You can also set the language per-recording by clicking the language selector on the recording detail page before transcription begins.
Leave automatic detection enabled if your meetings regularly include multiple languages. Manual selection is best when all your meetings are consistently in one language and you want to avoid occasional misdetection.
Mavio automatically adds punctuation, capitalization, and paragraph breaks to produce readable transcripts. You can fine-tune formatting behavior in Settings > Transcription > Formatting:
  • Paragraph breaks — choose between breaking on speaker changes only, or also inserting breaks on long pauses (default: speaker changes + pauses over 3 seconds).

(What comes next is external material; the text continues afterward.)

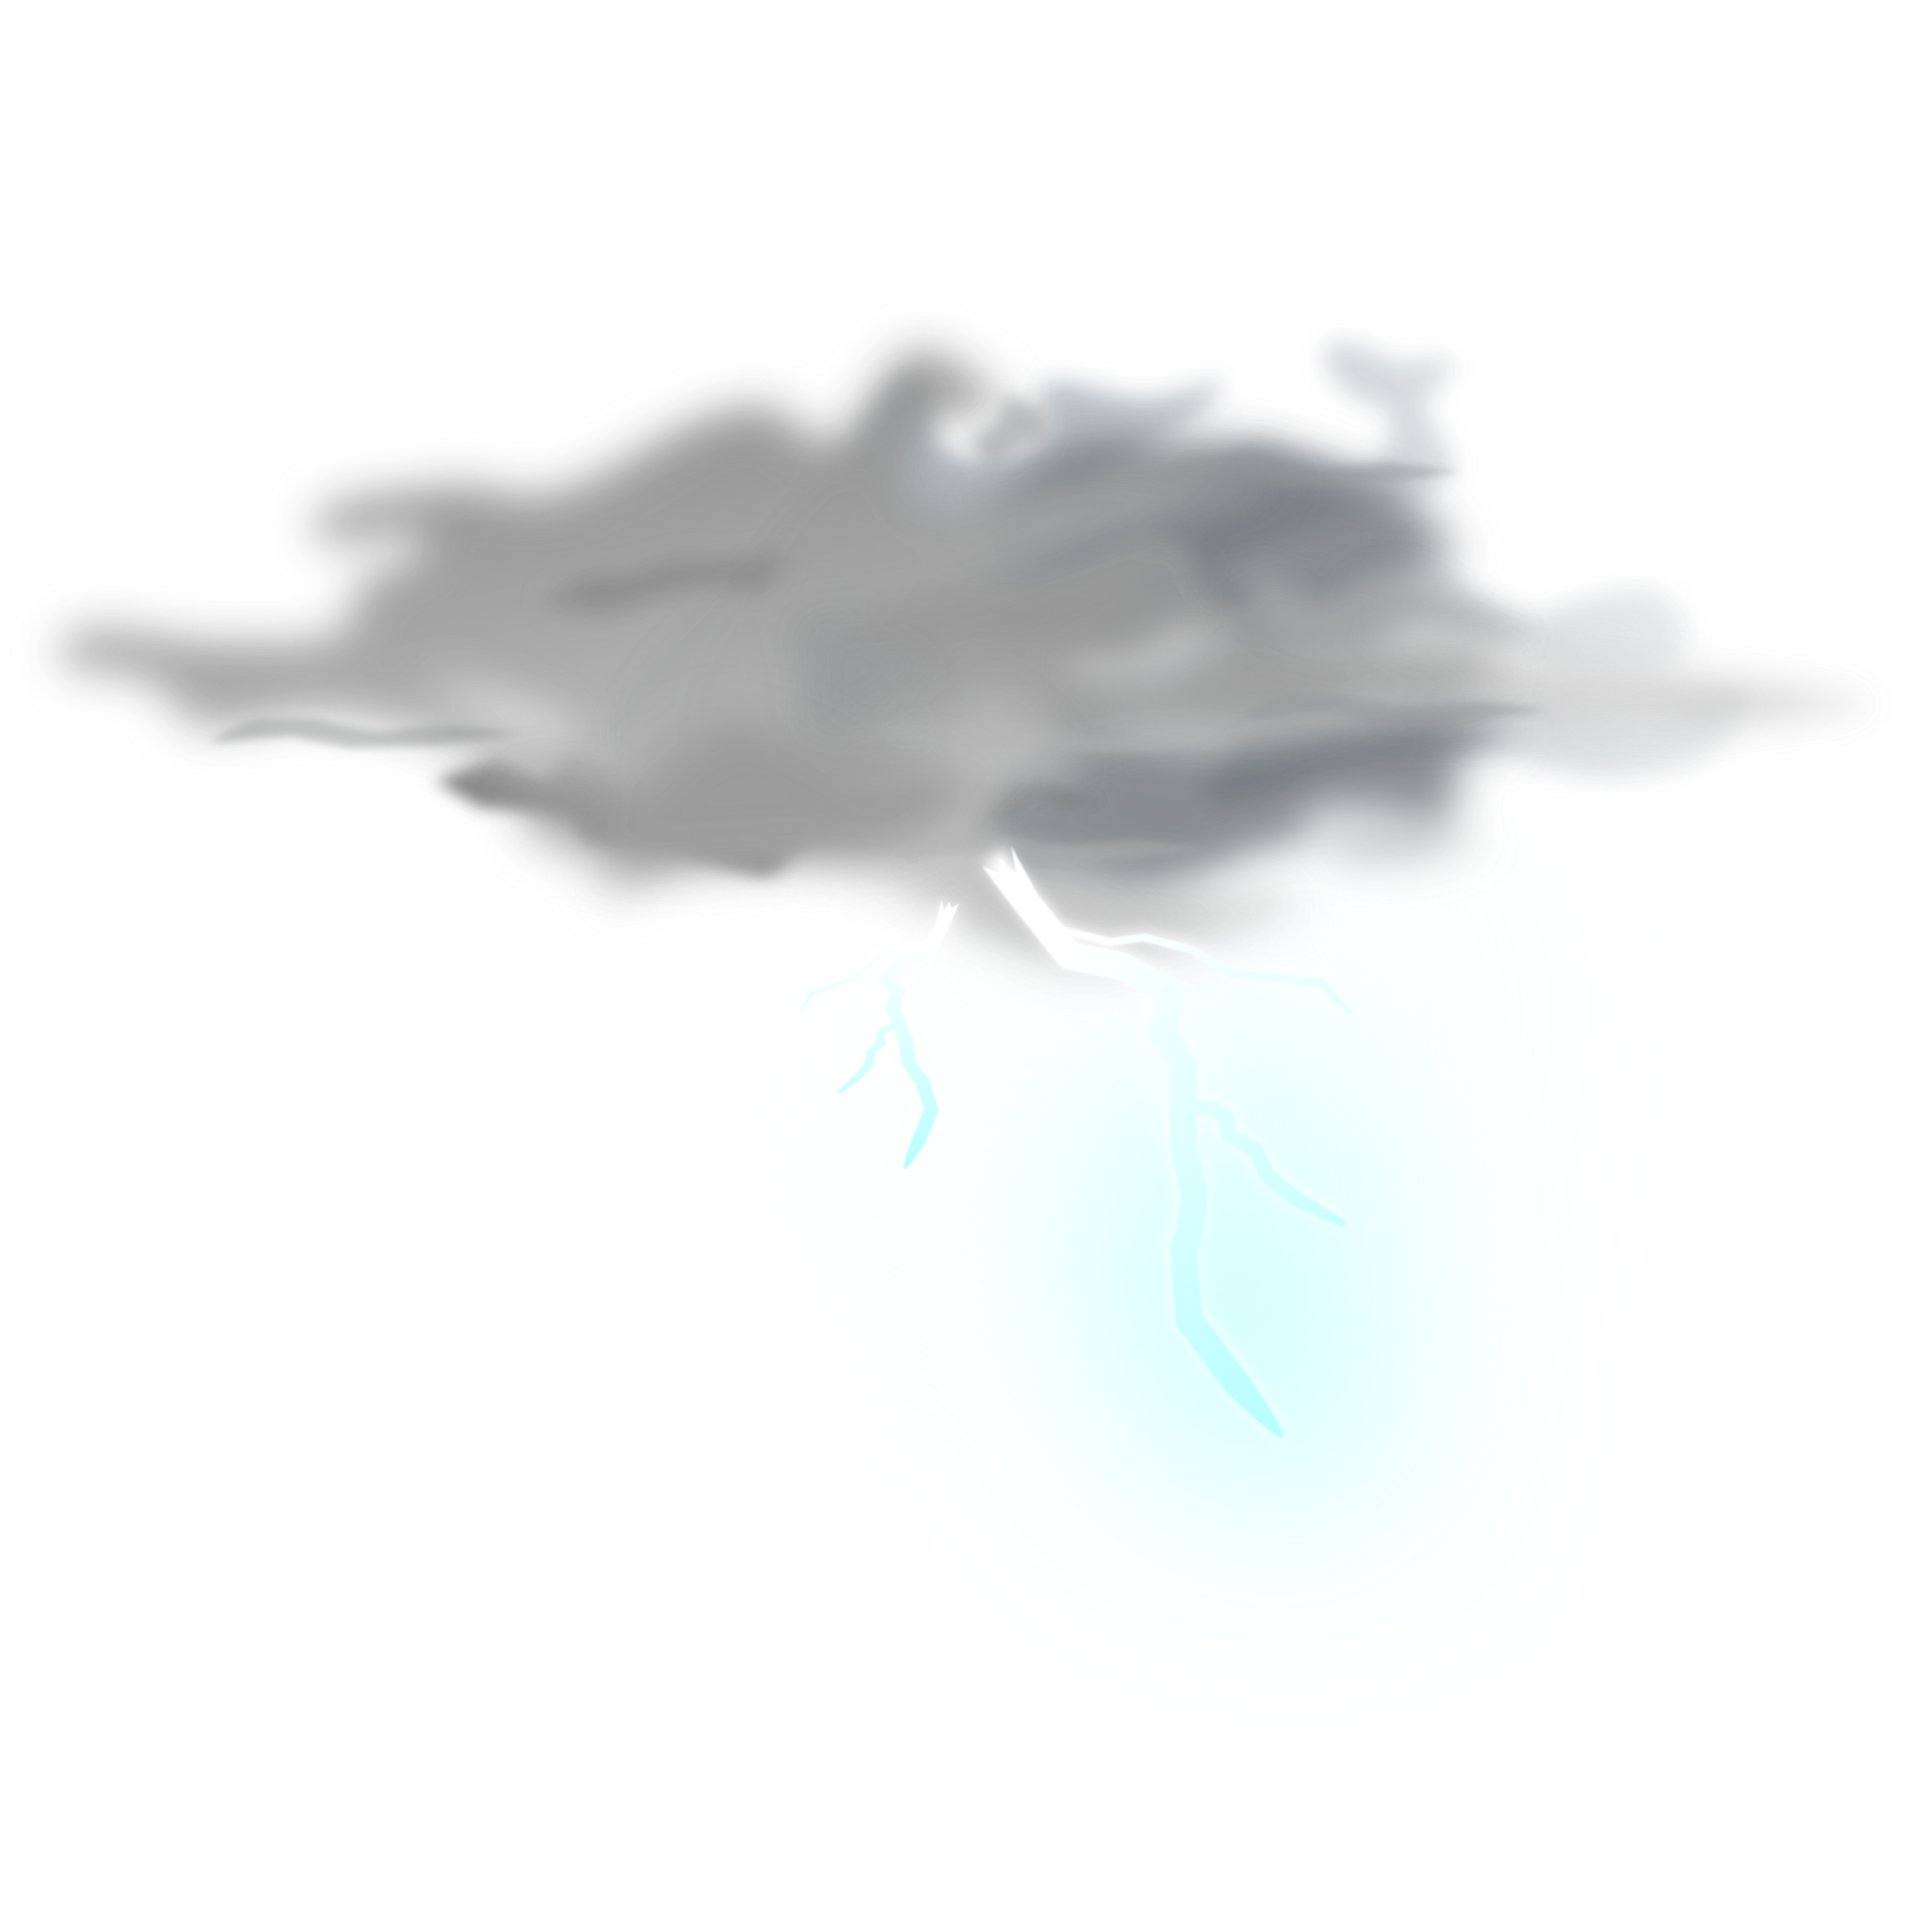 Big Image (Png) - Thunder, Transparent background PNG HD thumbnail

  • Filler word removal — automatically strip “um”, “uh”, “like”, “you know” and similar fillers from the transcript. Disabled by default to preserve the verbatim record.

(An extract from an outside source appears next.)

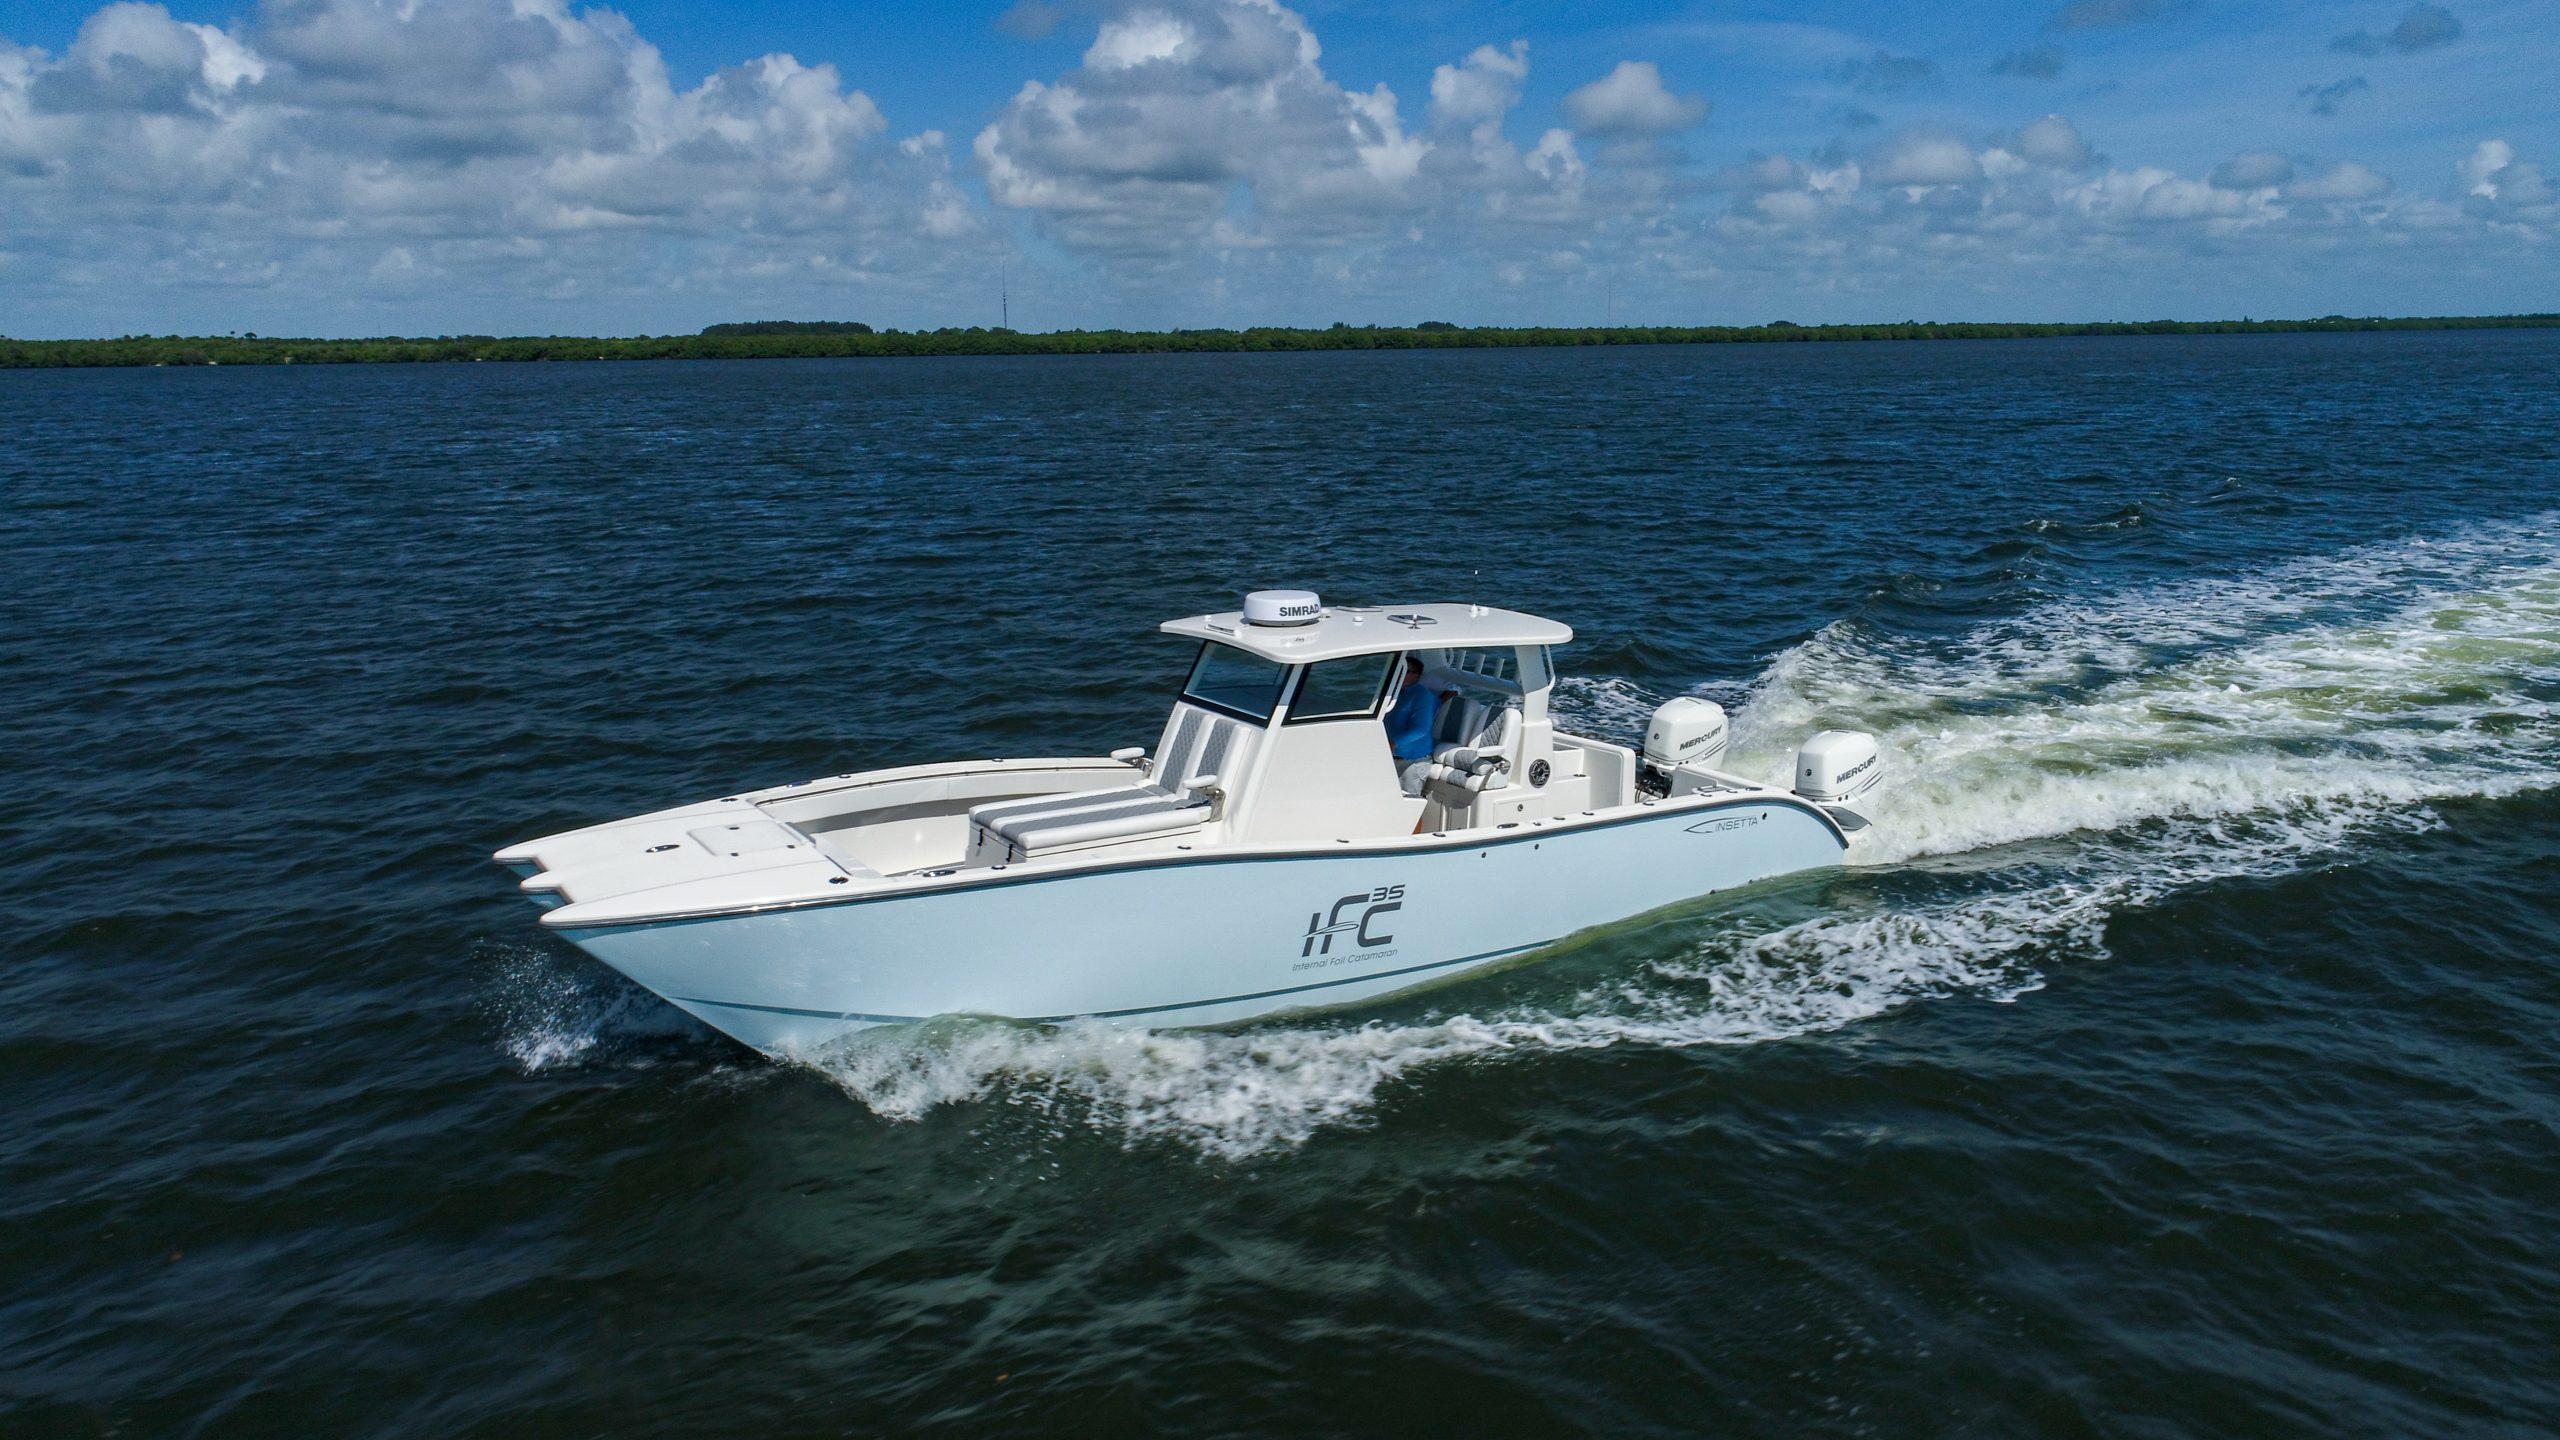 Insetta 35' Foiling Catamaran

  • Number formatting — choose between spelled-out numbers (“twenty-three”) or numeric format (“23”). Default is numeric for values above ten.

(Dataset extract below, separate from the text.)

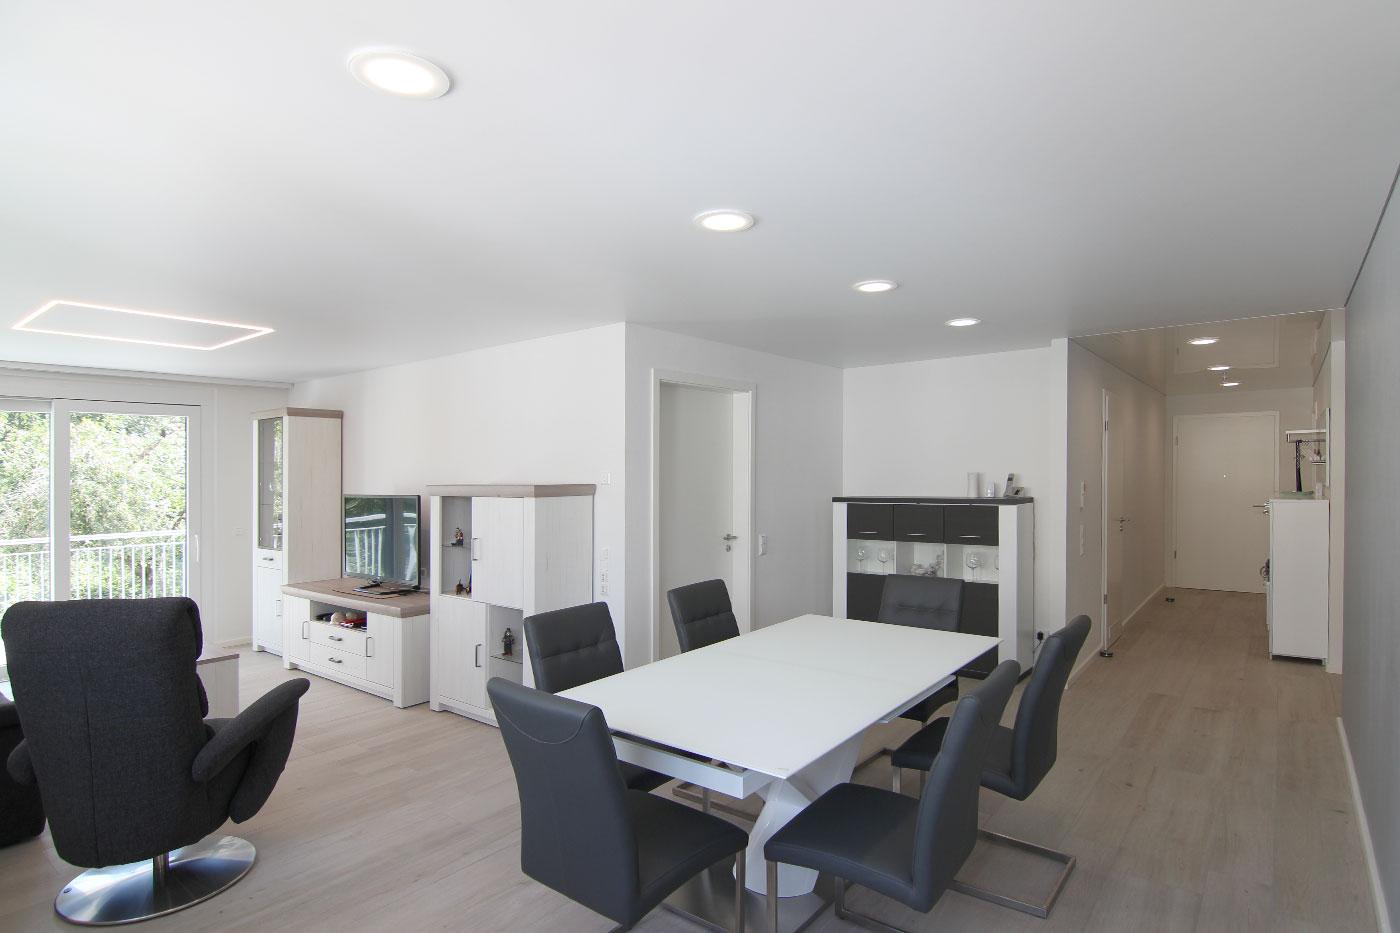 Spanndeckenstudio Teller - Beleuchtung - LED-Panels

  • Timestamp granularity — display timestamps per sentence, per paragraph, or per speaker turn.
Formatting changes apply to new recordings. To reformat an existing transcript, click Reprocess on the recording detail page.
Add domain-specific terms to improve recognition accuracy for specialized vocabulary:
  1. Go to Settings > Transcription > Custom vocabulary.
  2. Click Add term and enter the word or phrase exactly as it should appear in the transcript.
  3. Optionally add a pronunciation hint (phonetic spelling) for unusual words.
  4. Click Save.
Examples of terms worth adding:
  • Product names (e.g., “Mavio”, “Kubernetes”, “BigQuery”)
  • Industry acronyms (e.g., “OKRs”, “KPIs”, “HIPAA”)
  • People’s names that are frequently misspelled
  • Company-specific jargon
Custom vocabulary is applied during the post-processing stage and can be added or updated at any time. Changes apply to all future recordings. To apply custom vocabulary to an existing transcript, use the Reprocess button.
Speaker diarization is the process of determining “who spoke when.” You can adjust sensitivity in Settings > Transcription > Speaker detection:
  • Conservative — requires clear speaker changes with distinct voice characteristics. Fewer false speaker switches, but may merge speakers with similar voices into one label.
  • Balanced (default) — good tradeoff between accuracy and sensitivity for most meeting scenarios with 2-8 participants.
  • Aggressive — detects subtle speaker changes. Best for meetings with many participants or speakers with similar voices. May occasionally split a single speaker into two labels.
Regardless of the setting, you can always correct speaker labels manually on the transcript page. Corrections improve future speaker matching when voice profiles are enabled.
Mavio offers two transcription modes, and their accuracy characteristics differ:
AspectReal-time transcriptionPost-processing transcription
Accuracy90-95%95-99%
LatencyUnder 2 seconds2-5 minutes after recording ends
Context awarenessLimited (processes small audio chunks)Full (analyzes the entire recording)
Custom vocabularyNot appliedFully applied
Speaker labelsBasic (Speaker 1, Speaker 2)Matched to known voice profiles
PunctuationBasicFull with paragraph formatting
AvailabilityDesktop app and browser extension onlyAll recording methods
The real-time transcript is a preview designed for following along during the meeting. The final post-processed transcript is the authoritative version and is what gets used for summaries, action items, and search indexing.